戦後の焼け跡から立ちあがって、ブランドを世界に知らしめたその大企業の草創期には、老舗A社からの資金援助が大きな支えになっていたから、少なくともA社が日本のモノづくりに大きく貢献したことは間違いない。

しかしA社は前期で大きく躓いた。本業が振るわなかったうえに、のれん代の減損処理などで財務内容が大幅に悪化。優良資産は食いつぶし、株価は超低空飛行が続いている。今では取引金融機関の審査姿勢が厳しくなり、企業が存続していくうえで危険な兆候と言われる債権譲渡契約も結ばされたというから、Xデーに向けてカウントダウンが始まったとみられても何の不思議もない。

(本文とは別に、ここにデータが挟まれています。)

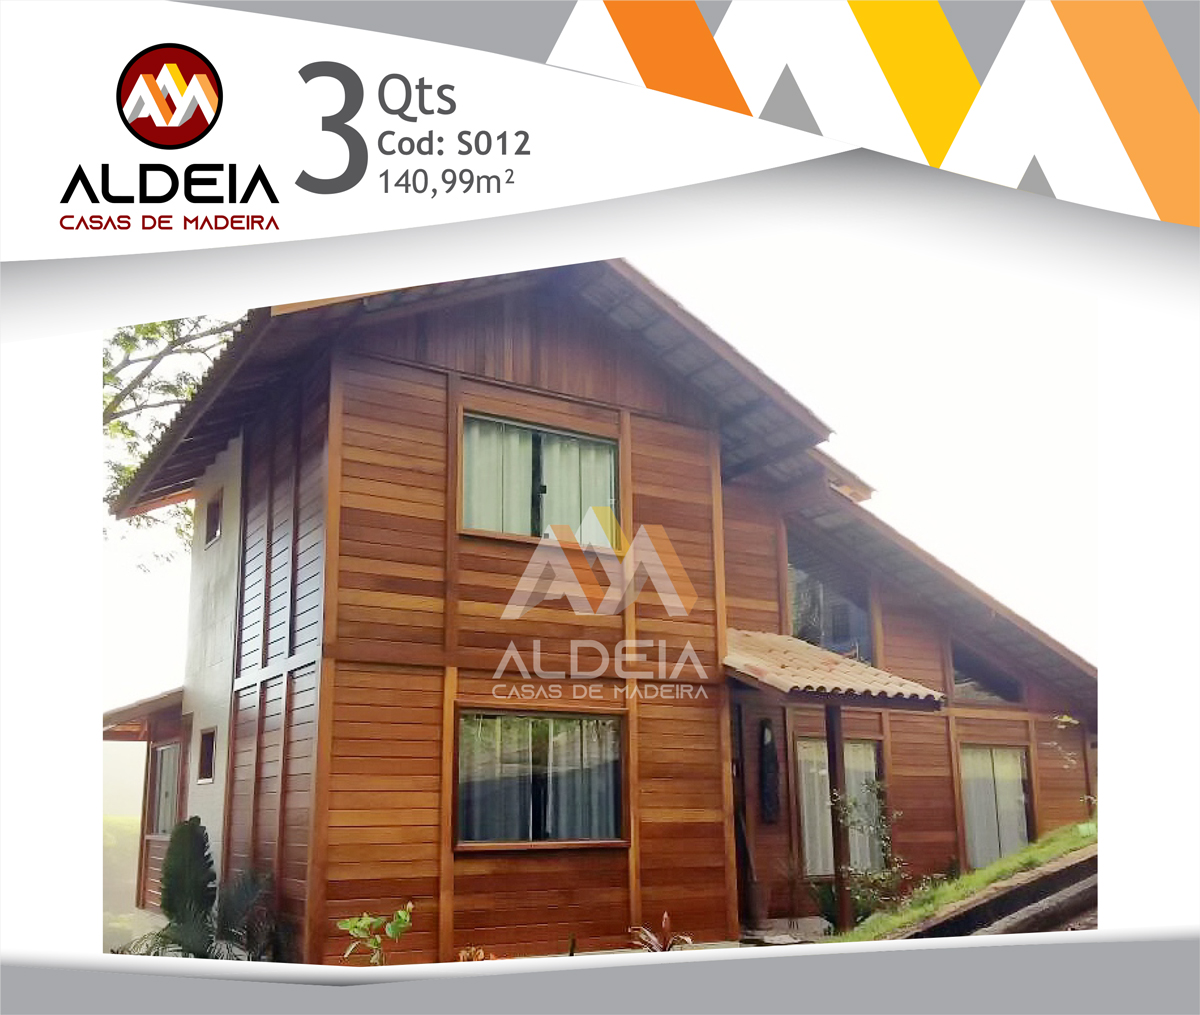 aldeia-casas-madeira-fachada-S012

経営トップが自宅代わりに使っている都内の有名ホテルからは、宿泊料が未払いであるとして訴訟が提起されているそうで、資金繰りの厳しさをうかがわせる。

A社と創業家一族は今も地元の尊敬を集めており、深刻な経営不振に陥っていることを知る者は、消費者を含めて少ないのではないか。

この会社は規模こそ小さいが、創業家のつながりで大株主には非上場の有力食品メーカー群や総合商社が名を連ねている。A社に一朝事があれば、株式を持ち合う地元企業群が支援に回るのかもしれない。

しかし、かつてA社が支援して大きく育ったエクセレントカンパニーも、いまは経営に失敗して「追い出し部屋」のリストラ続き、全社が疲弊しきっている。両社は違う畑を歩んでいるとはいえ、日本の製造業の本格的な回復はまだほど遠いと言えるのではないか。

さて、このエクセレントカンパニーとA社はどこでしょう。ヒント――エクセレントカンパニーの創業者の一人は、寛文5年創業の老舗の長男。一時は経団連会長の候補と目されたが、それも今は昔。